[Excerpted data Boundary: Start]

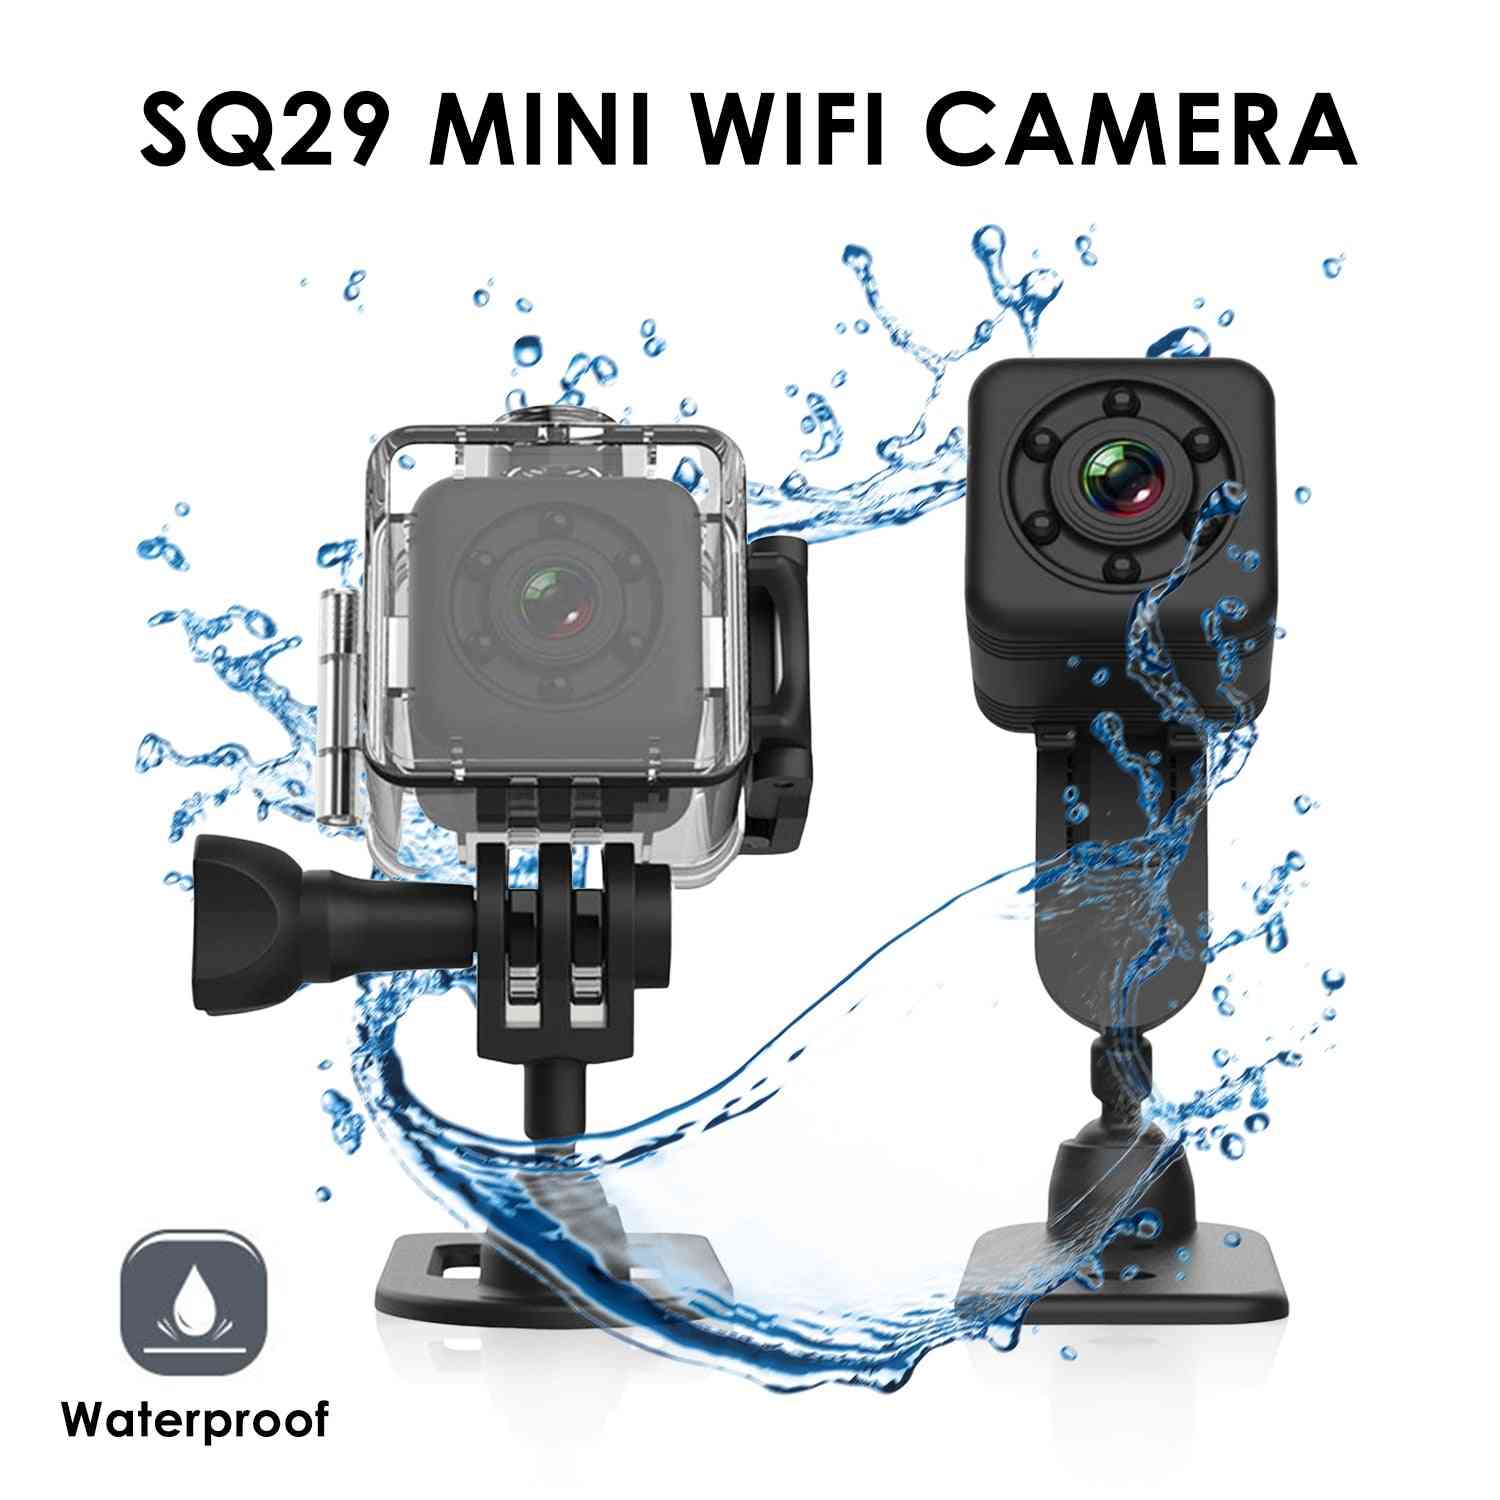 Sportowa mini kamera ip SQ29 do noktowizora, wodoodporna kamera ruchu, mikro kamera dvr sport - sq11 czarna
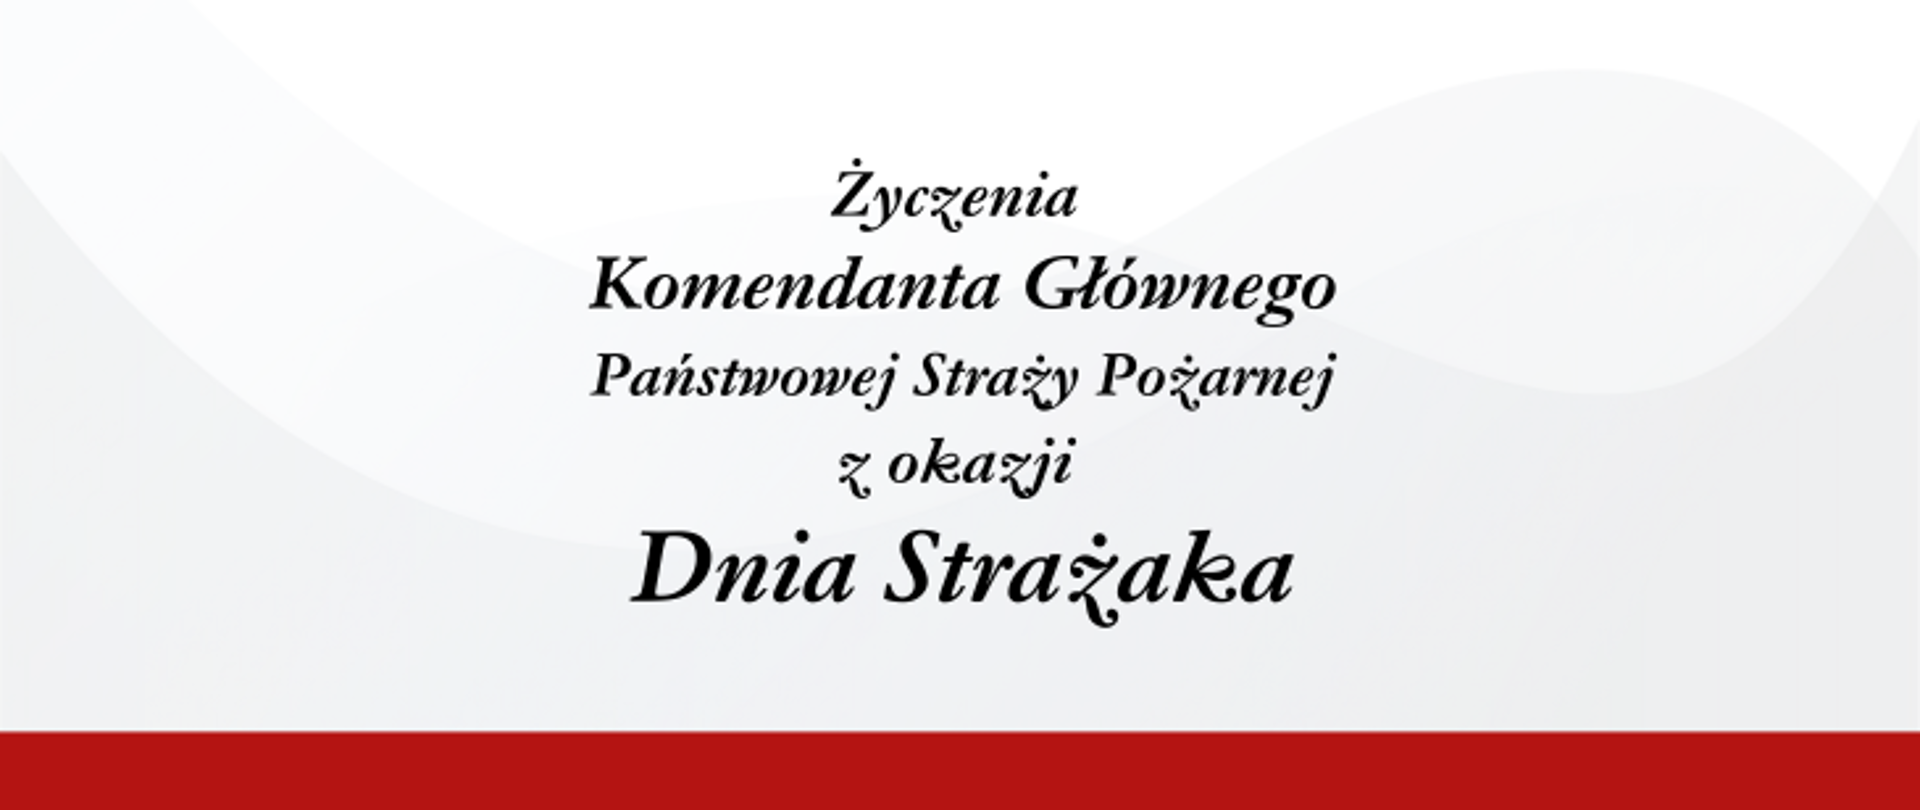 Życzenia Komendanta Głównego PSP z okazji Międzynarodowego Dnia Strażaka.
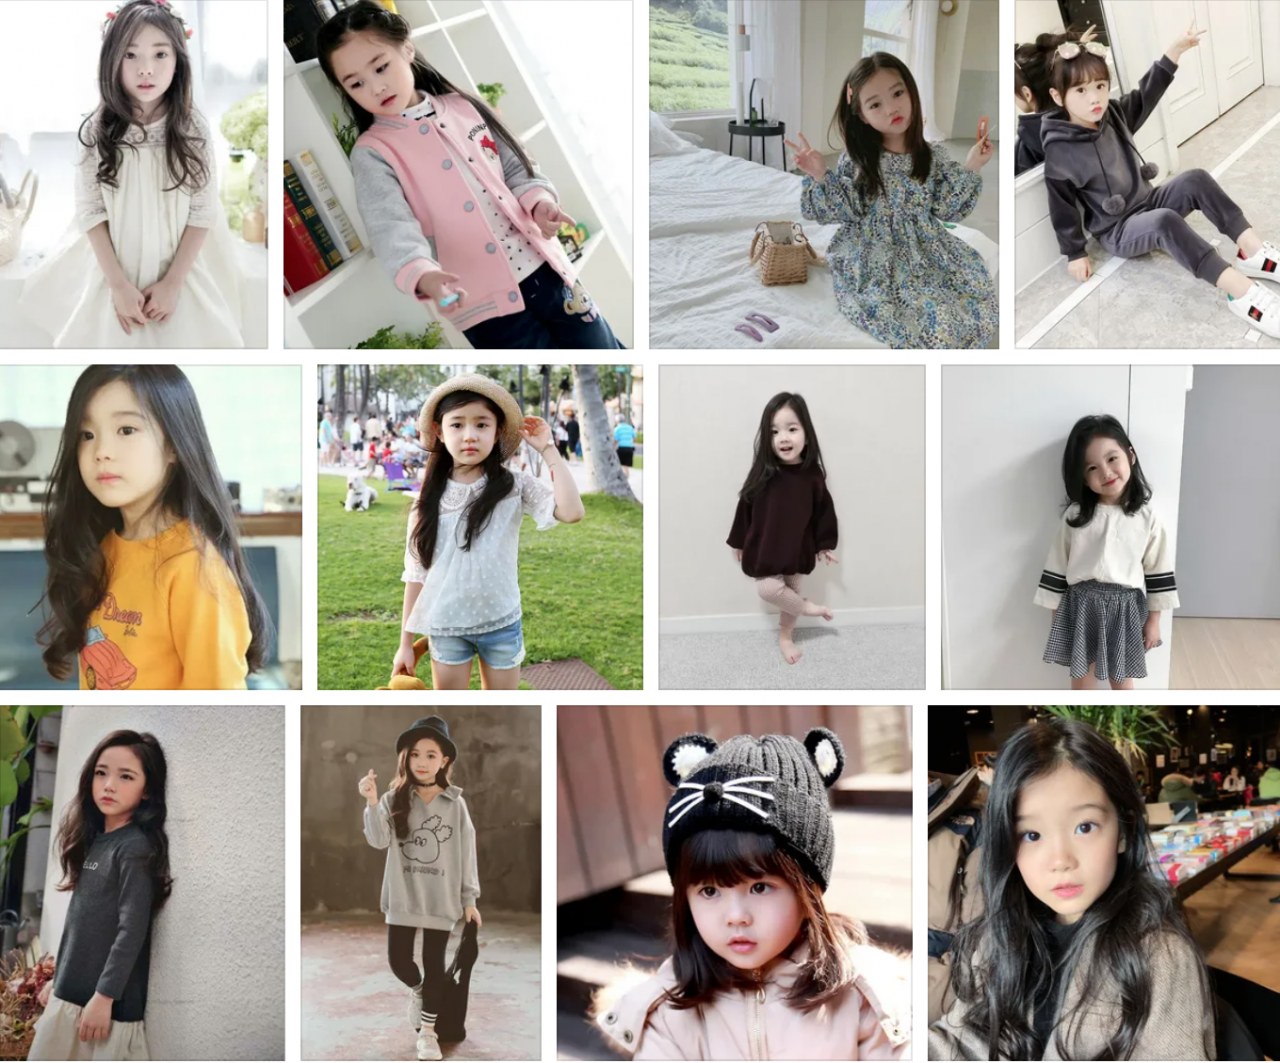 CastWeek: Кастинг девочек (5-8 лет) корейской внешности для съёмок в клипе очень известной певицы.
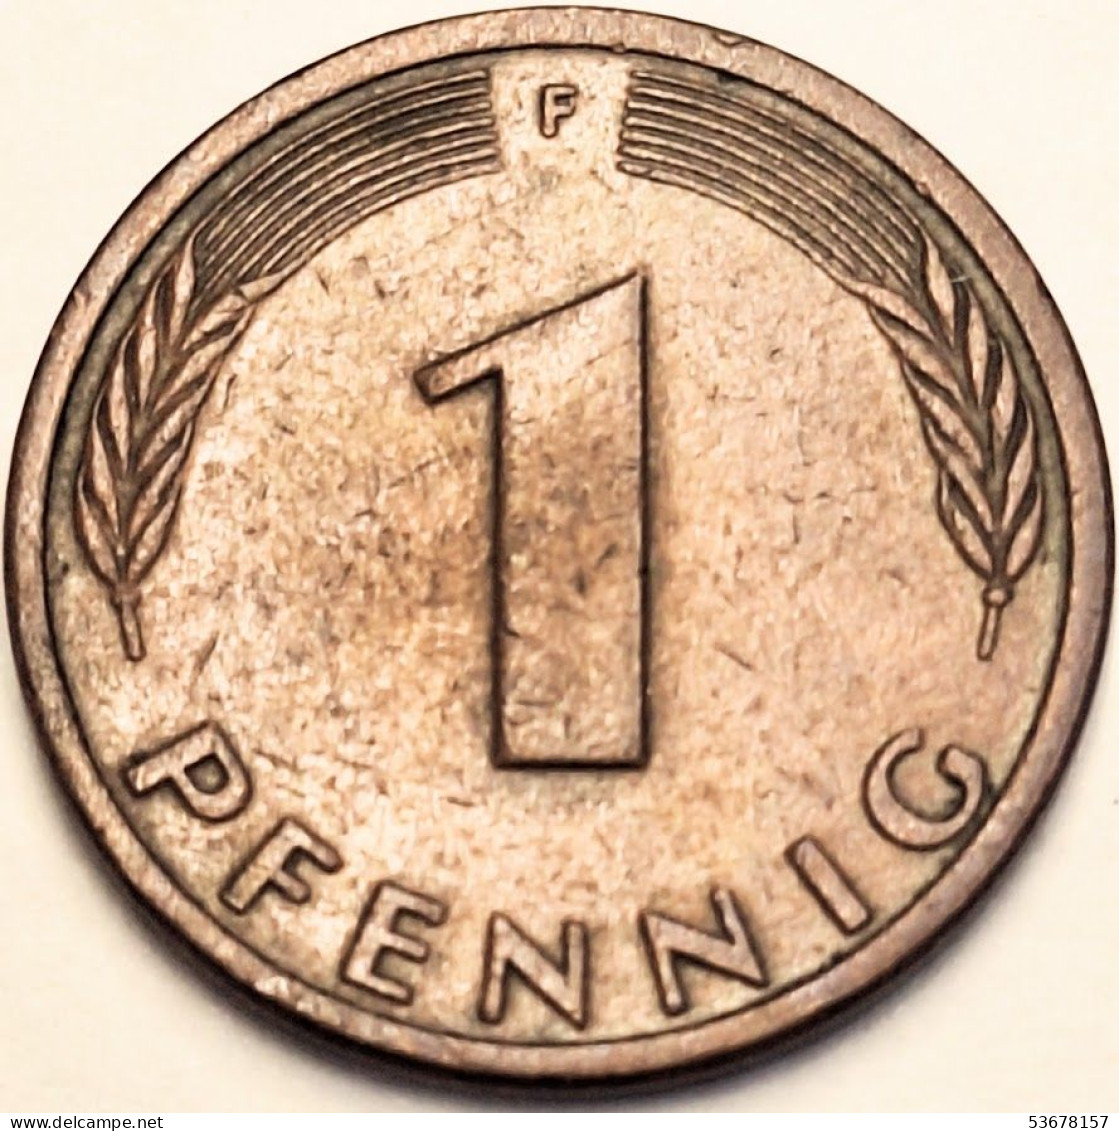 Germany Federal Republic - Pfennig 1981 F, KM# 105 (#4484) - 1 Pfennig
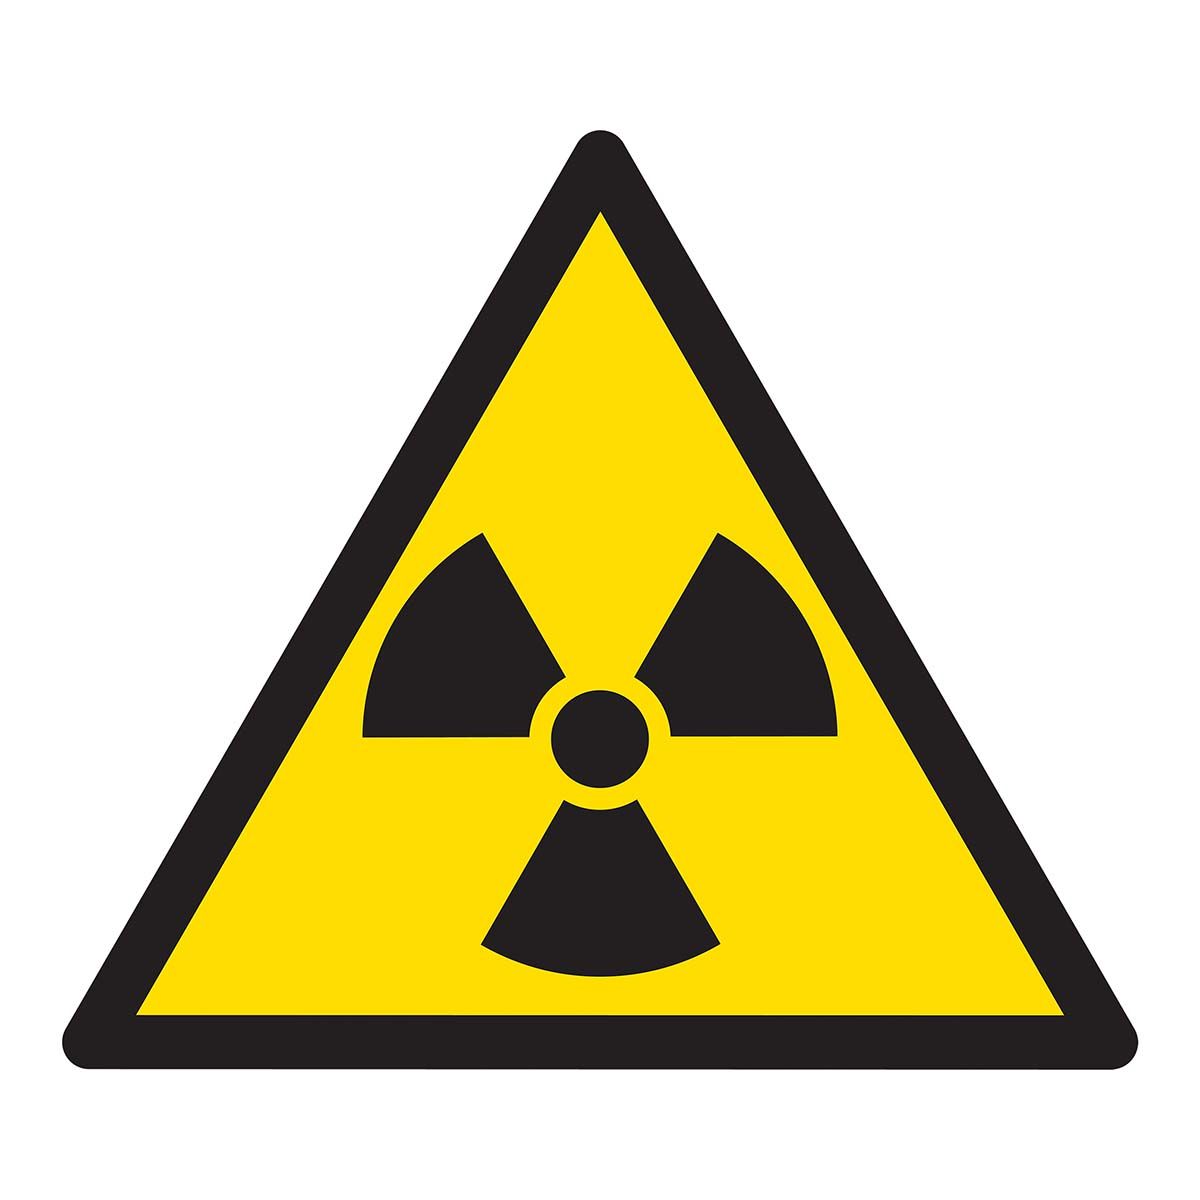 Inamicul radon: un pericol pentru sănătatea publică, cel mai adesea ignorat
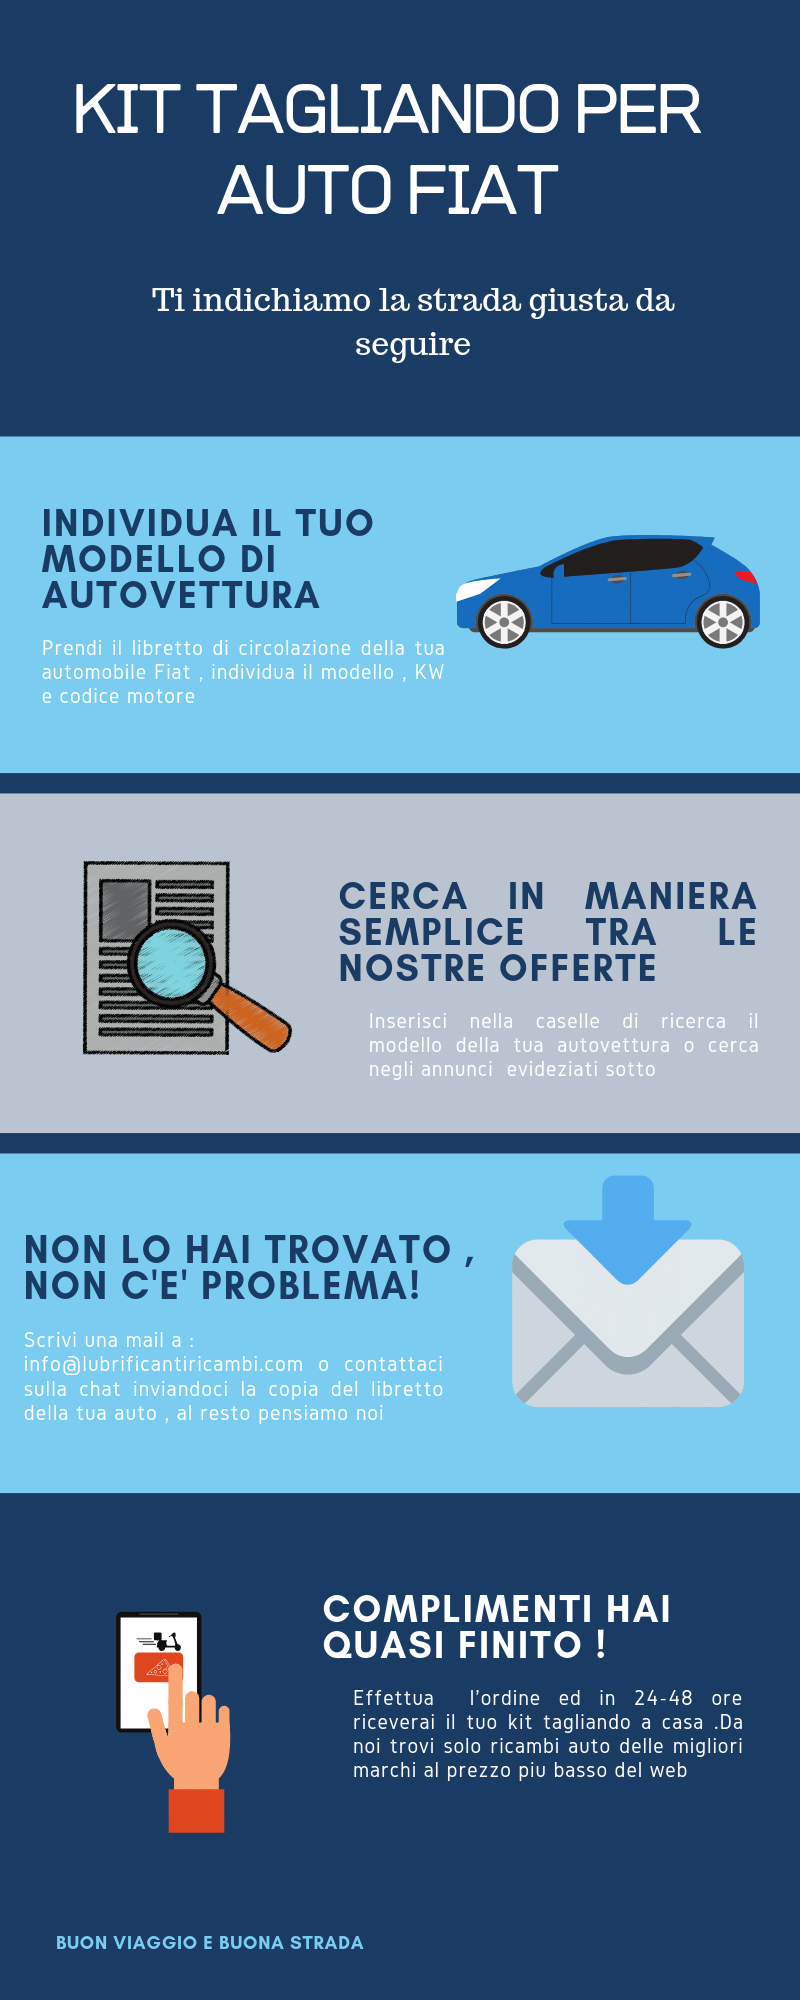 Kit de servicio para automóviles Fiat

[Excerpted data Boundary: End]

Required work: All lines from the one holding "Germany Federal Republic" through the last line of the material above should be set down exactly, and the pictures should be left out.

Answer for the task:
 Germany Federal Republic - Pfennig 1981 F, KM# 105 (#4484) - 1 Pfennig
 Inamicul radon: un pericol pentru sănătatea publică, cel mai adesea ignorat
 Kit de servicio para automóviles Fiat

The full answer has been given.